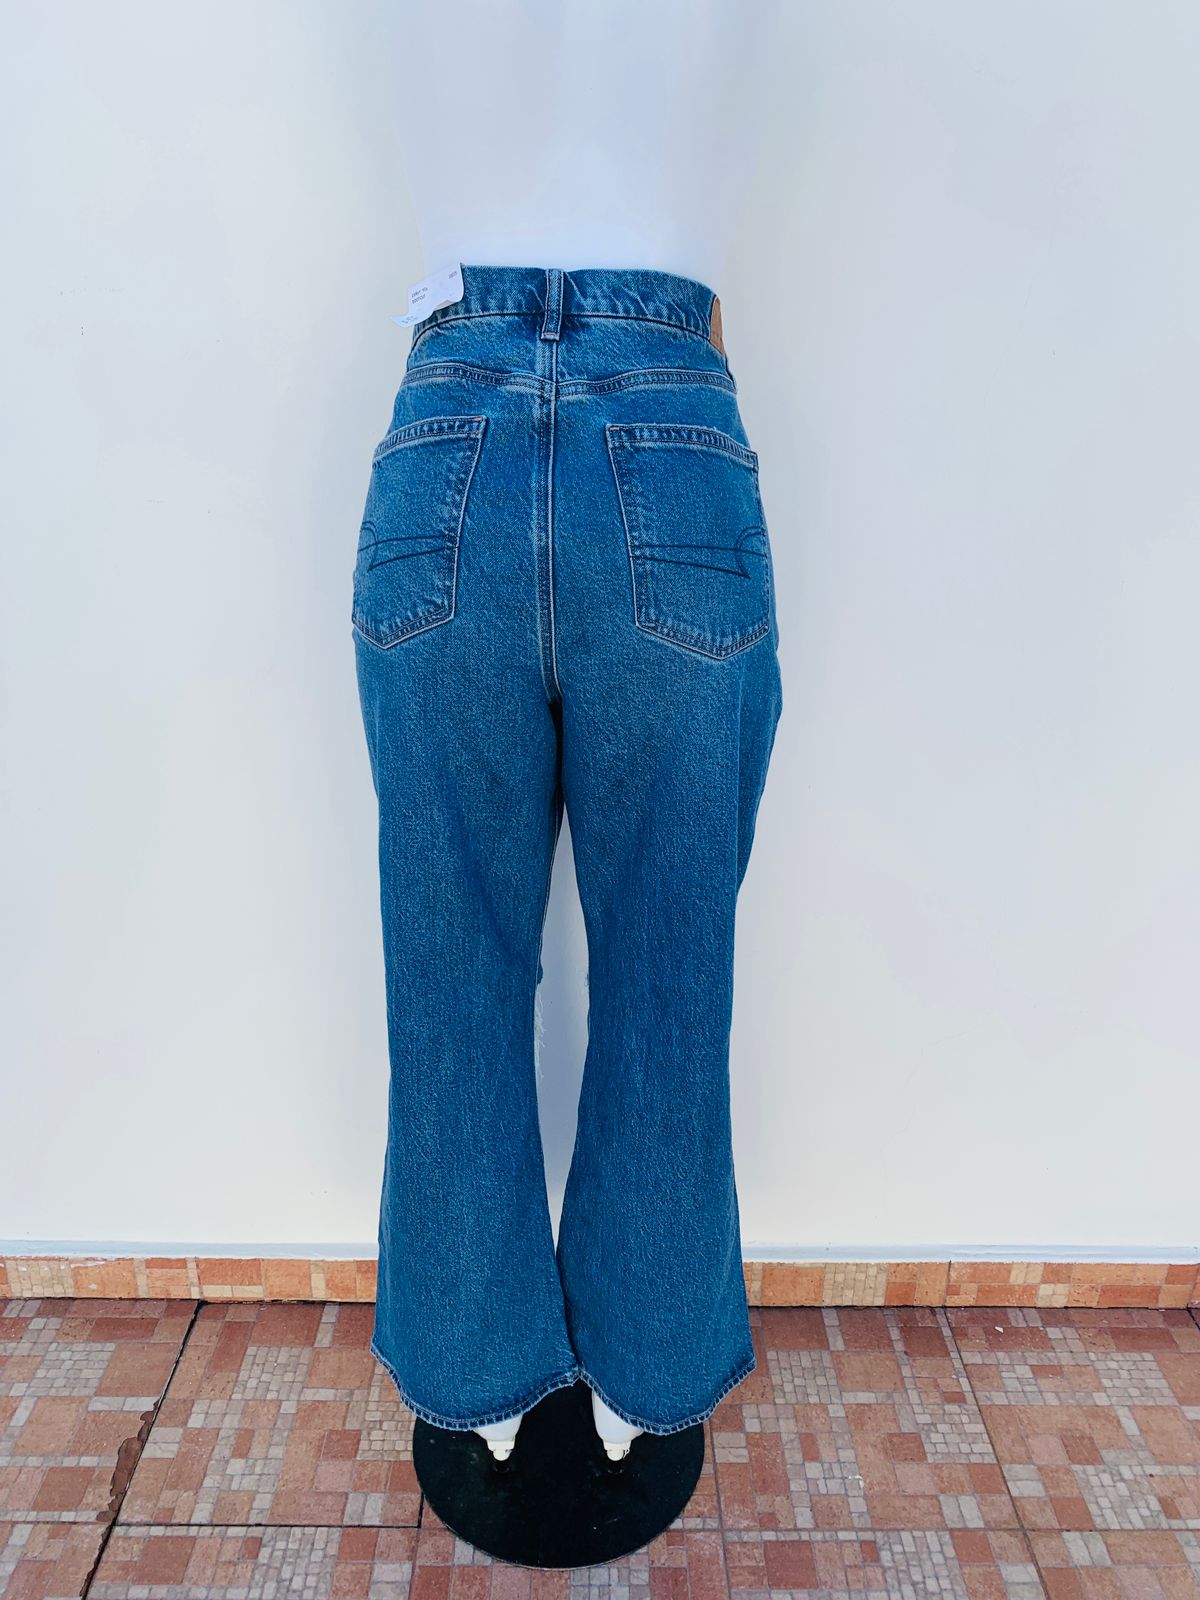 Pantalon jeans American Eagle original al azul con rasgados en las rodillas estilo campana STRETCH CURVY 90s BOOTCUT SHORT HIGH RISE
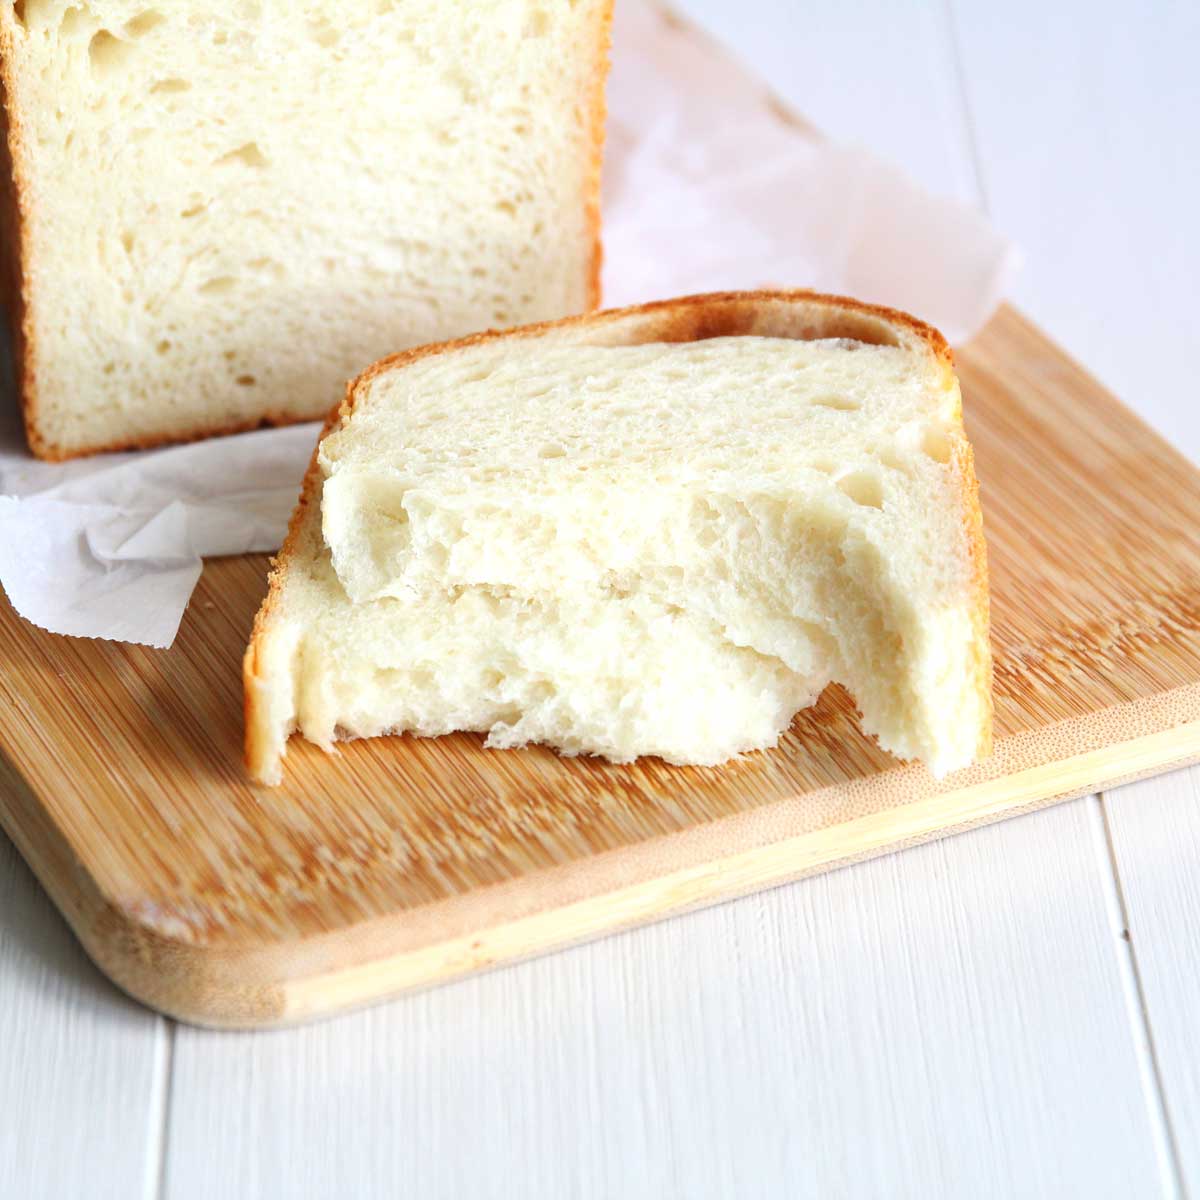 High Protein Cottage Cheese Yeast Bread (Easy Sandwich Bread Recipe) - Greek Yogurt Yeast Bread
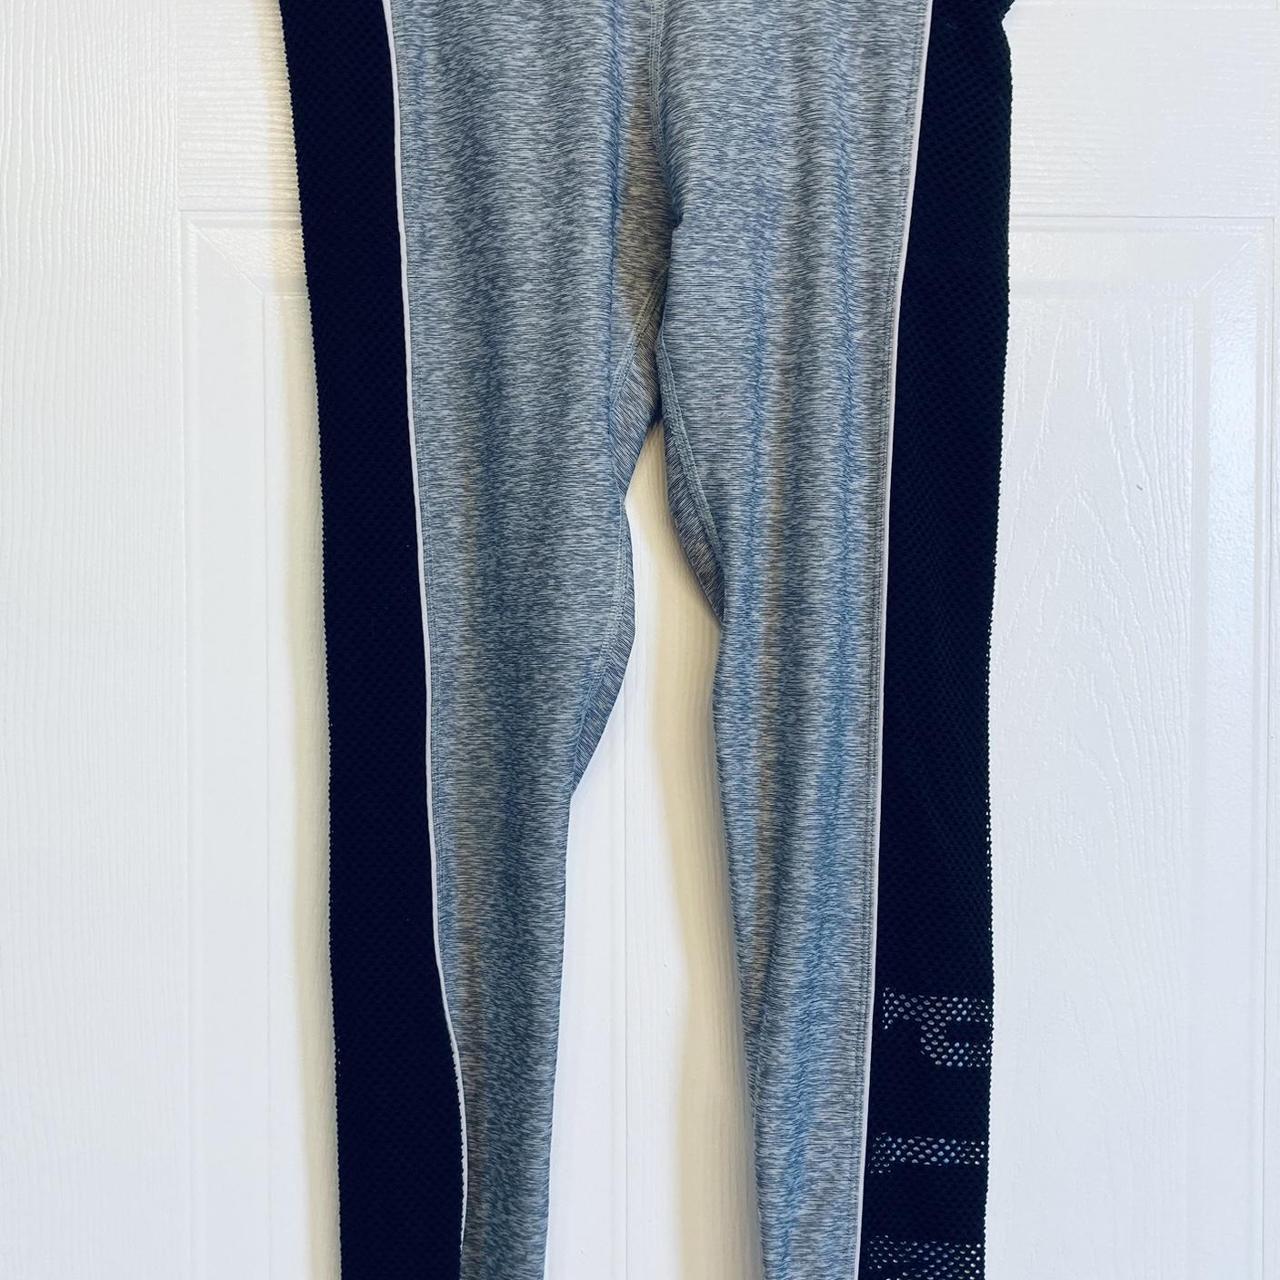 Grey Victoria's Secret leggings Long, fitted pant - Depop

__________________________________________________

> [TASK ITEM]: Leaving the pictures behind, return every line above exactly.

> [RESPONSE AREA]:
 Pantalon jeans American Eagle original al azul con rasgados en las rodillas estilo campana STRETCH CURVY 90s BOOTCUT SHORT HIGH RISE
 High Protein Cottage Cheese Yeast Bread (Easy Sandwich Bread Recipe) - Greek Yogurt Yeast Bread
 Grey Victoria's Secret leggings Long, fitted pant - Depop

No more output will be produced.